Affidatevi alla scarna meditazione originale e a The Dolphins, sublime e liquida ode in sconsolati filamenti; a I’ve Got A Secret, dove Elizabeth Cotten attraversa campagne appena inurbate; a una That’s The Bag I’m In che è vangelo travasato in Mark Lanegan. Faretheewell (Fred’s Tune) sbuca tra quinte di contrabbasso e chitarra mentre Everything Happens swinga virile e – dietro il brio per nulla narcotico di Sweet CocaineBa-De-Da dipinge un Sudamerica della mente. Infine, la stralunata Green Rocky Road introduce all’etnodelico vortice Cynicrustpetefredjohn Raga. Meraviglia che consegna l’artista agli annali mentre l’essere umano svanisce in punta di piedi su un’isola che non c’è.

fred

Nel 1968 Sessions espande durata e atmosfere in laconiche sospensioni jam a briglia salda, profumi di raga e spettrali, immani anticipi di Lorca come Merry Go Round e Look Over Yonder.  Quando Everybody’s Talkin’ ha fruttato denaro bastante, Neil si ritira da imbattuto Campione e con l’amico Ric O’Barry fonda il Dolphin Research Project, associazione ambientalista dedita alla salvaguardia dei mammiferi acquatici. Mi piace pensare che così volesse salvare i delfini dalla crudeltà di “Sea World” e se medesimo dalla follia di uno showbiz non granché diverso.

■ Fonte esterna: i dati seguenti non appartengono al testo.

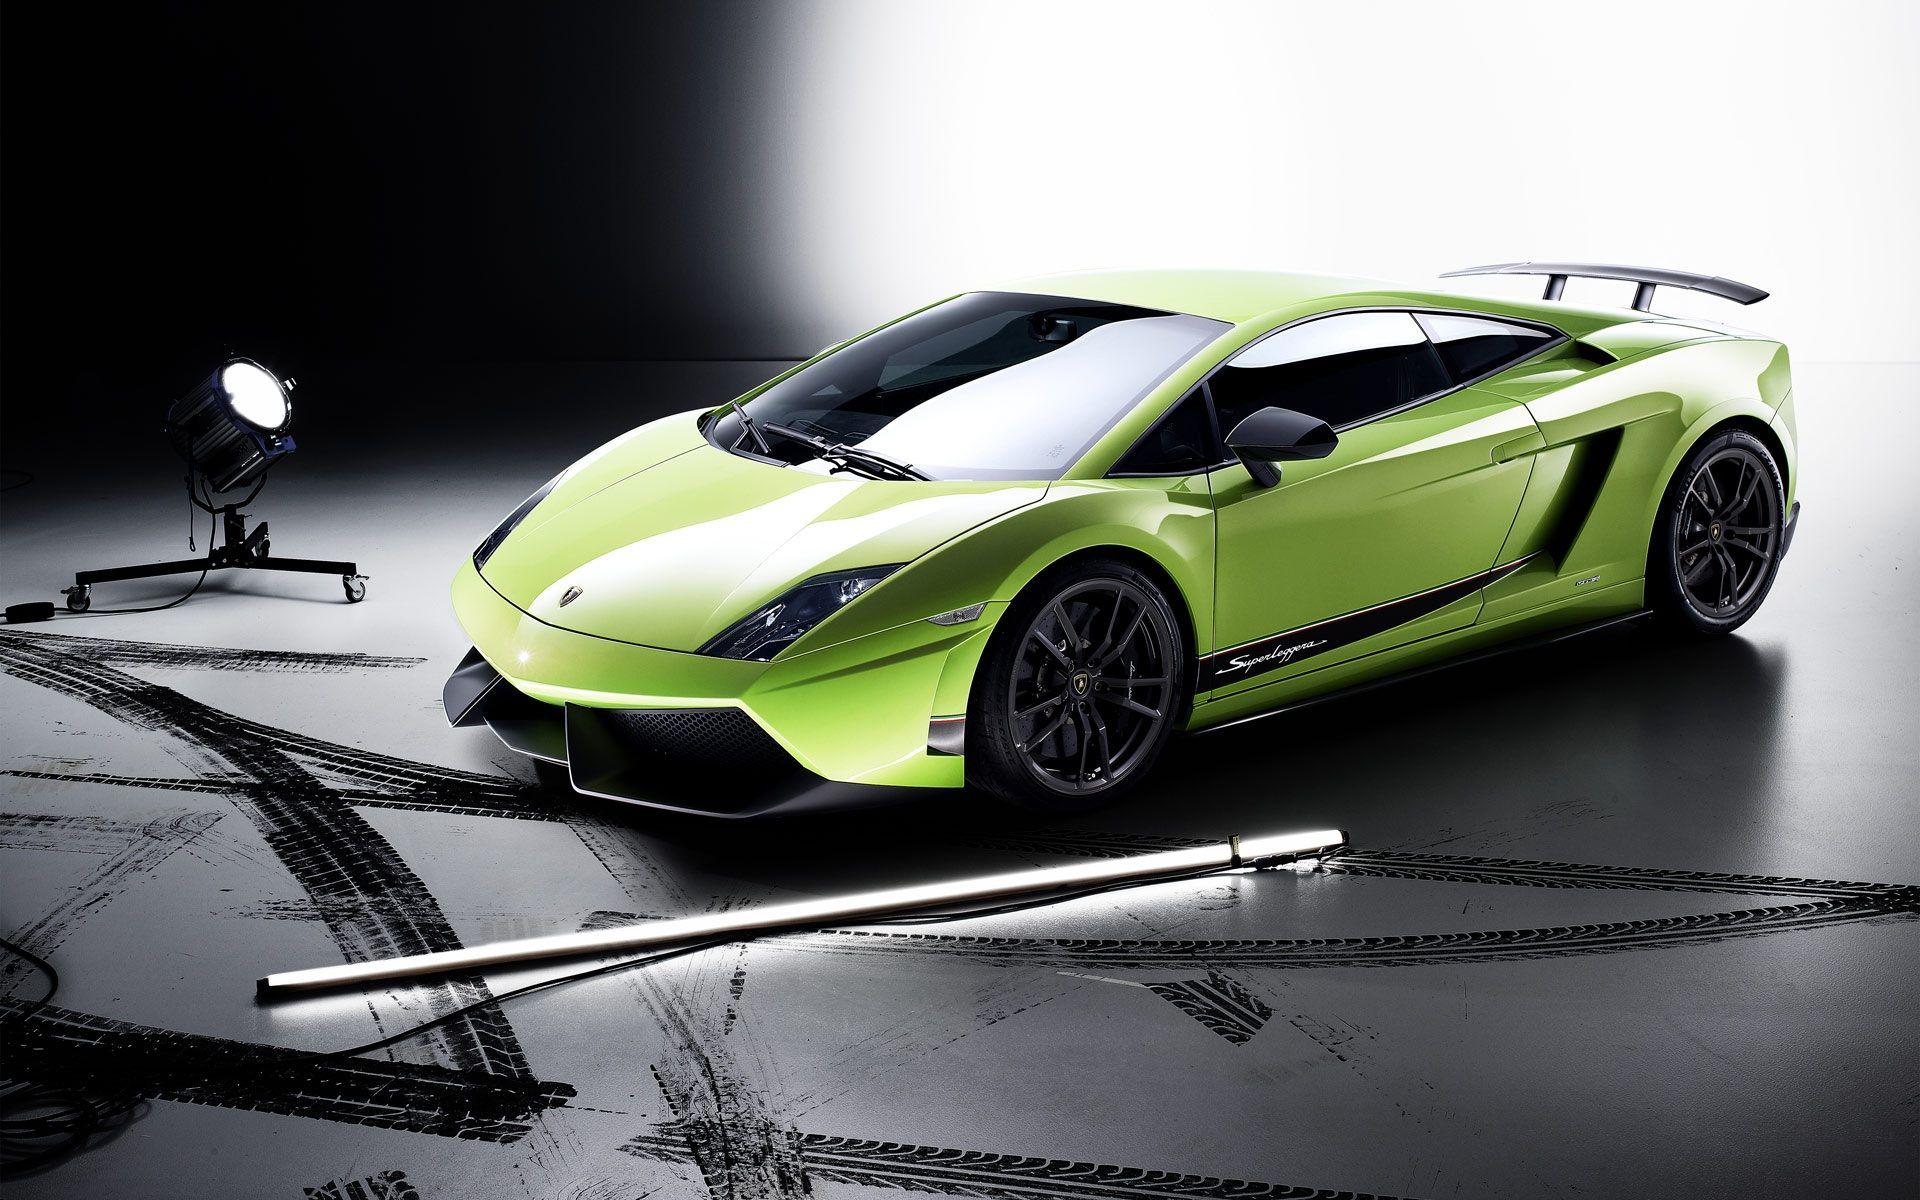 Hình nền 1920x1200 Màu xanh lá cây Lamborghini 1920x1200 Hình ảnh HD, Hình ảnh

Declinati inviti allo show di Johnny Cash e a un tour con Harry Belafonte, nel ’71 Other Side Of This Life raccoglie versioni live o alternative di pagine conosciute e qualche inedito. Poi basta. Il buen retiro sarà spezzato a Montreux nel ’75 insieme a Childs, Sebastian e Harvey Brooks; ventiquattro mesi più tardi per un benefit in Giappone accanto a Jackson Browne e Richie Havens; nel 1981 con Buzz Linhart, in un pub cittadino. Immagino Frederick quieto e felice tra le mura di casa finché un brutto male lo porta via nel luglio 2001, talento sublime con di fronte a sé spalancata l’eternità per cantare ai delfini.